Can we all stop making excuses for Woody Allen now? I’m not talking about the twists and turns of his personal life, or the allegations that he abused his daughter decades ago. I don’t know what happened between Allen and Dylan Farrow and neither do you, and we’ve all spent too much time discussing it. I’m talking about Allen’s increasingly bizarre and disconnected films of the last 15 years or so, which appear to have been made by a visitor from another planet who has heard human beings described (to use an old gag) but never actually encountered any.

Allen still has an avid posse of fans and defenders who close ranks around these feeble, stilted vanity productions for reasons I only partly understand: Because of his long-ago track record or because he can hypnotize movie stars or because in his own strange way he’s extremely well connected. Who knows? I’m not disputing Allen’s importance in the history of American cinema; he had a remarkable run from the mid-1970s to the early ‘90s, and captured a cultural moment in the life of the New York-centric liberal intelligentsia. But that moment is a long time gone. I suppose in the most sympathetic possible reading you can detect wraithlike hints or echoes of Allen’s earlier work even in the most painfully artificial of his globetrotting films, and I get that for some people he represents congenial entertainment for literate adults, a niche that seems to be disappearing in today’s pop-culture economy. Inept and misanthropic as they may be, Allen’s recent comedies do not feature giant robots or motor-vehicle explosions. Whether that’s a decisive point in their favor is up to you.

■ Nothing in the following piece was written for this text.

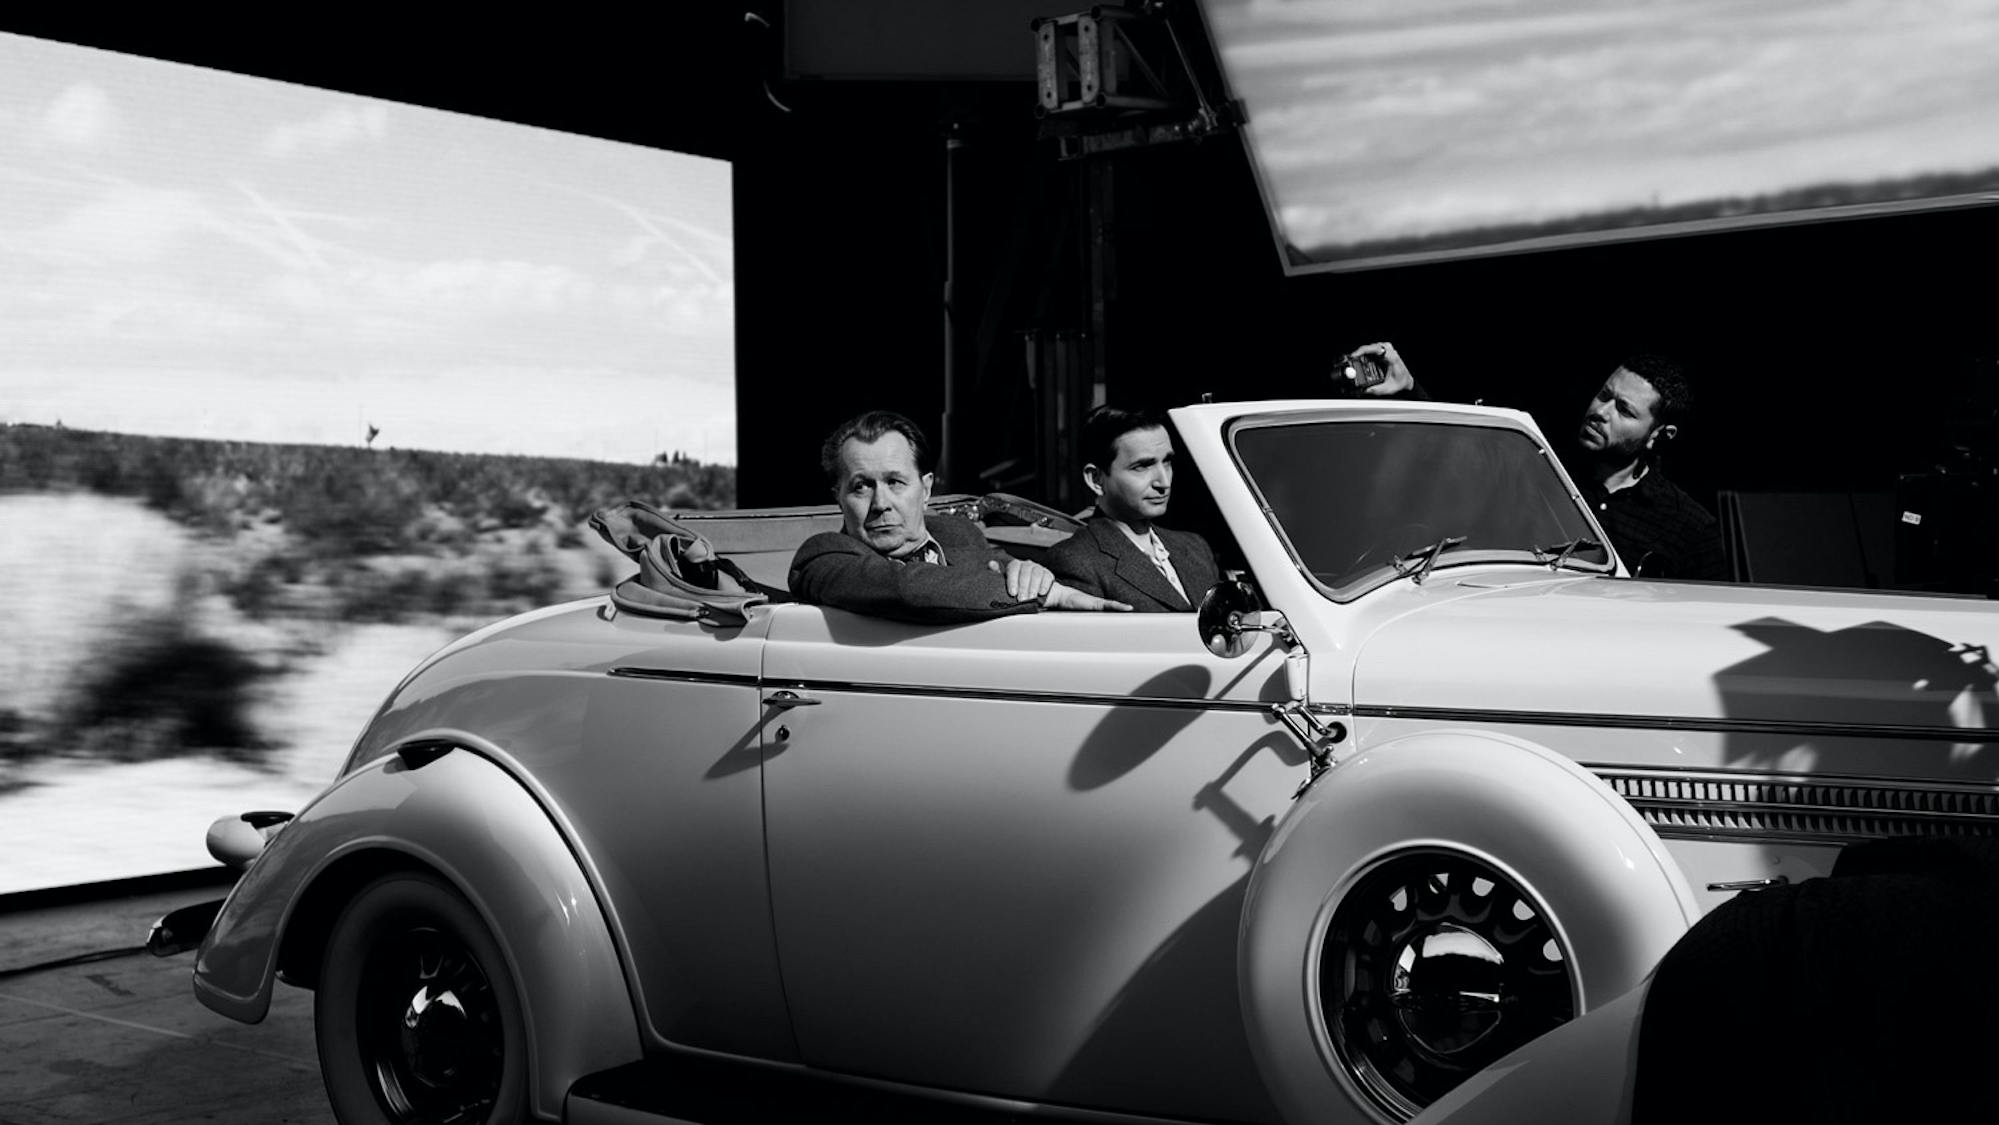 Oldman and Persaud pictured in an open-top automobile with footage of California scenery rolling by on screens around them.

None of that excuses the fact that the Allen posse succeeded in giving an Oscar to Cate Blanchett for her twitchy, overwrought Blanche DuBois impression in a ludicrous melodrama that demonstrated that Allen is either so far gone or so isolated from reality that he can’t detect any difference between San Francisco and the working-class suburbs of New Jersey. Blanchett worked really hard in that dreadful role and battled Allen’s script almost to a draw; maybe the academy voters just felt empathy for her struggle. For a dramatist whose stock in trade, once upon a time, was to probe the neuroses of upper-middle-class Jewish New Yorkers with scientific precision, Allen’s WTF tourist-board movies of the last decade or so, in which one world city after another is inserted as the most superficial signifier, are nothing short of a crushing embarrassment. If Woody Allen had set out to destroy his own legacy on purpose, to punish those of us who put too much faith in him way back when, he couldn’t have done a better job.

Some of Allen’s recent films can be granted allowances in various ways, or at least are cannily packaged to paper over their most glaring weaknesses. “Blue Jasmine” was overwhelmed by Blanchett’s scenery chewing; “Midnight in Paris” featured a series of audience-flattering literary gags, dopey as they were; “Vicky Cristina Barcelona” was a little risqué and gleefully anti-American. But it’s difficult to find any ground from which to defend Allen’s alternately tedious, offensive and incompetent new romantic comedy “Magic in the Moonlight,” unless it’s the exquisite 1920s wardrobes. Allen airs out a number of familiar themes here, including his quasi-metaphorical interest in stage magic, his rejection of the spiritual or supernatural in all forms (with the concomitant conclusion that life has no meaning) and – not to put too fine a point on it – his hankering after much younger women. To be clear: Colin Firth and Emma Stone are both attractive adult humans, and if they want to play a couple on-screen (or if they want to hook up in real life, for that matter) it isn’t my business or anybody else’s. In fact, Firth and Stone never seem quite comfortable in “Magic in the Moonlight,” which may have more to do with the bad script and pointless, obvious plot than with their three-decade age difference. Anyway, it’s not any particular instance that’s the problem. It’s the obsessive persistence of the April-October love affair as the apex of Eros in Allen’s work, from at least “Manhattan” in 1979 right through the present, which feels pathological.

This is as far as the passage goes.